Before she and Henderson dove in as facilitators, they made sure to draft a proposal, secure support from their administrators, and do their homework. “When starting any kind of new program, especially when starting a program as sensitive as [this one], ask permission, not forgiveness,” said Henderson. “If your library or system has a specific protocol for programming, follow the procedure in place.”

Pierce stresses how important it is to research each month’s topic—she does three to five hours for each program—and rehearse what you’re going to say. “Leaders need a baseline level of knowledge to facilitate this type of program,” she said. To keep kids engaged, she uses a variety of icebreakers, picture books, quizzes, giveaways, and questions. “Interactive is in all caps,” said Pierce. “I needed something that was besides just me talking.”

CCPL advertised the program through press releases, newsletters, social media posts, and its online calendar. Getting the public information office involved early with promoting the program was a tactical move: “Public reaction to this type of program can be varied,” said Henderson.

Thankfully, the positive feedback has outweighed the bad. Twenty children and their families showed up to the first KCSJ meeting on racism, and the monthly program regularly attracts 8–10 children and their families. “We received thank-you messages,” said Henderson, “and a letter of support from a local progressive church.” Still, the program wasn’t without its detractors. “Be aware that not everyone in your community will be supportive,” she said.

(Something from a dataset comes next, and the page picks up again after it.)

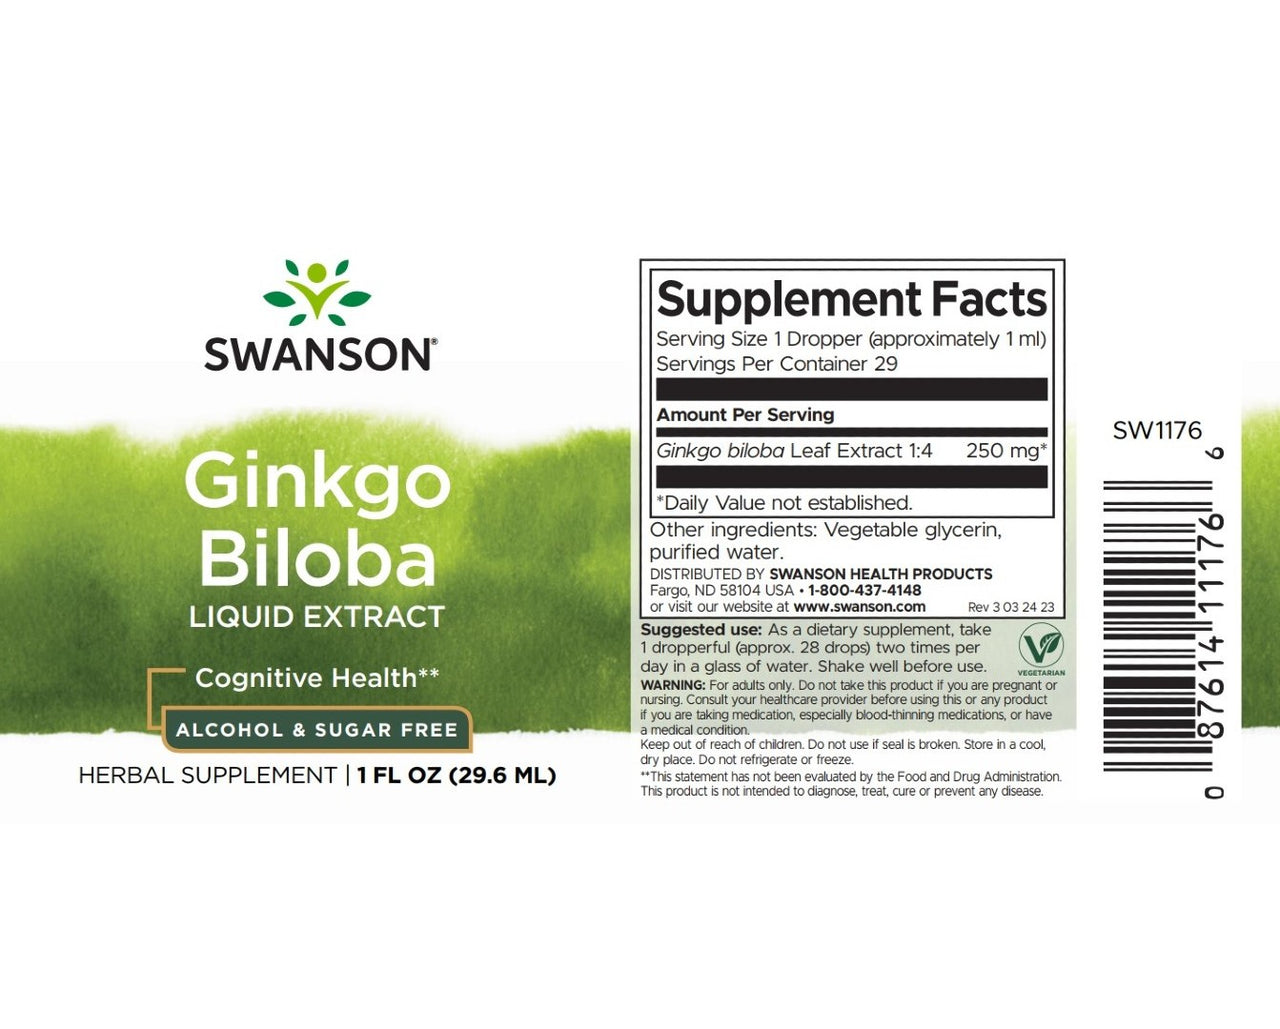 The label of Swanson's Ginkgo Biloba Liquid Extract 250 mg 1 fl oz (29.6 ml) highlights its alcohol and sugar-free formulation, promotes cognitive function, includes supplement facts for a 1 fl oz (29.6 ml) herbal supplement, and features antioxidant properties.

For those looking to add children’s EDI programming to their library’s offerings, Pierce and Henderson reminded viewers that social justice can look like a lot of things: inclusive displays, diverse collections and storytimes, going fine-free, and eliminating all types of barriers. They also encouraged libraries to take meaningful steps toward social justice even if it makes staffers or community members uncomfortable.

“Ignoring these problems is no longer an option,” said Pierce. “We can do hard things—let’s do them!”